== SUPPLIED MATERIAL ==
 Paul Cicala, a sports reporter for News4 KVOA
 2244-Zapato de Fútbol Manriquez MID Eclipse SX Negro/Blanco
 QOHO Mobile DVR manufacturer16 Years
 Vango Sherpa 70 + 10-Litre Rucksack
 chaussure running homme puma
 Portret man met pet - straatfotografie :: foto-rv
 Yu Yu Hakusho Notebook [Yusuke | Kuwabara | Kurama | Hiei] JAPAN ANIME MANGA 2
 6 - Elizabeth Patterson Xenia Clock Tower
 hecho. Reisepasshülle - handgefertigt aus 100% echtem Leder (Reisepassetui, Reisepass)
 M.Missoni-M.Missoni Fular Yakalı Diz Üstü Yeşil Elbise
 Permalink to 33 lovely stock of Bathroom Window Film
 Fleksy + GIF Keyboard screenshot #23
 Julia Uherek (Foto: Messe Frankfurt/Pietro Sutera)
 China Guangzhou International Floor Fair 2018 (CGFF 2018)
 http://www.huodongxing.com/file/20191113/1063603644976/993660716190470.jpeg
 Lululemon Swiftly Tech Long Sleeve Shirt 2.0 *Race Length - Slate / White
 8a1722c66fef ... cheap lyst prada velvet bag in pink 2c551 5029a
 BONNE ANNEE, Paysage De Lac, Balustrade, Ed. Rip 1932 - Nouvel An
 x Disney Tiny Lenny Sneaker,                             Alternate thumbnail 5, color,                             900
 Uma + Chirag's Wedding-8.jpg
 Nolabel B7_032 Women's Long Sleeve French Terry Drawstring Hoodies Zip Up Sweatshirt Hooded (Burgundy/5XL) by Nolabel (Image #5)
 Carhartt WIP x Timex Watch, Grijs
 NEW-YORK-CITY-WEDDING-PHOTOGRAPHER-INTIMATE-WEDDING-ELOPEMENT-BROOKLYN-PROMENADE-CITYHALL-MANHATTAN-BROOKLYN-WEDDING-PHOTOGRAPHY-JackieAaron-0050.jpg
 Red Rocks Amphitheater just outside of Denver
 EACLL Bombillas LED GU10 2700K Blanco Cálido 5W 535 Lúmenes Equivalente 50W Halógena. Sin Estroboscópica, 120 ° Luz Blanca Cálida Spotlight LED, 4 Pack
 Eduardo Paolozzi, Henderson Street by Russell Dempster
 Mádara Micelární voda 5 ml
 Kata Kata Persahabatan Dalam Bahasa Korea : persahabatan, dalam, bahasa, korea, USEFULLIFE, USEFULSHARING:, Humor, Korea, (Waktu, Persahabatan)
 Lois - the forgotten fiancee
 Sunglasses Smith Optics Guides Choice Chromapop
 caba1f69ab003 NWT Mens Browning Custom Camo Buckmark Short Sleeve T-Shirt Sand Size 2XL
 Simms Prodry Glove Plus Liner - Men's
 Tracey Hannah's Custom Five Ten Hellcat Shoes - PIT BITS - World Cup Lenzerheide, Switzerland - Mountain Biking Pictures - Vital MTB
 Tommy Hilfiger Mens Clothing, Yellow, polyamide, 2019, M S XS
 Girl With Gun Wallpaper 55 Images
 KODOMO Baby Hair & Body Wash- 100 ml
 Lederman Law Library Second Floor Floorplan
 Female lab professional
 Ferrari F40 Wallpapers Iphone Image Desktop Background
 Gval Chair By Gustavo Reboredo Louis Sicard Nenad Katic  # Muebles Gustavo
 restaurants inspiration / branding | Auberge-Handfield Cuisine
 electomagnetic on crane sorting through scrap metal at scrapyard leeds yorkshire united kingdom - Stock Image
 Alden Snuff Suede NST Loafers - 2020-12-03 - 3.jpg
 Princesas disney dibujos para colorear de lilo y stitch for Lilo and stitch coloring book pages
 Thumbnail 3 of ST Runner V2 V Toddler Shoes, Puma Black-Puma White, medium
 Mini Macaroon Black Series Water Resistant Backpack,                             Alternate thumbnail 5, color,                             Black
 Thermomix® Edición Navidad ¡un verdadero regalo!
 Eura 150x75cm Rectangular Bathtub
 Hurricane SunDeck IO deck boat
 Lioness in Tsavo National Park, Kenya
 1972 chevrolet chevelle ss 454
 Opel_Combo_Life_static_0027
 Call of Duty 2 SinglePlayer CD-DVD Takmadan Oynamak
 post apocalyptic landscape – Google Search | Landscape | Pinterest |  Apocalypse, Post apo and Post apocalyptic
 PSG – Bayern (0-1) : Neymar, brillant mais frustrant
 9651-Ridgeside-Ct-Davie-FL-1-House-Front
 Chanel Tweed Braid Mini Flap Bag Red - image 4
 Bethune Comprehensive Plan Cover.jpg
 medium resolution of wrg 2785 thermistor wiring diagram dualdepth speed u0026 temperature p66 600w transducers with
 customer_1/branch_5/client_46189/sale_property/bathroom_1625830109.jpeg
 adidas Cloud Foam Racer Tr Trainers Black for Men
===
- ASSIGNMENT
Return each line in the records that holds the string "jpeg".

- WORKED SOLUTION
 http://www.huodongxing.com/file/20191113/1063603644976/993660716190470.jpeg
 customer_1/branch_5/client_46189/sale_property/bathroom_1625830109.jpeg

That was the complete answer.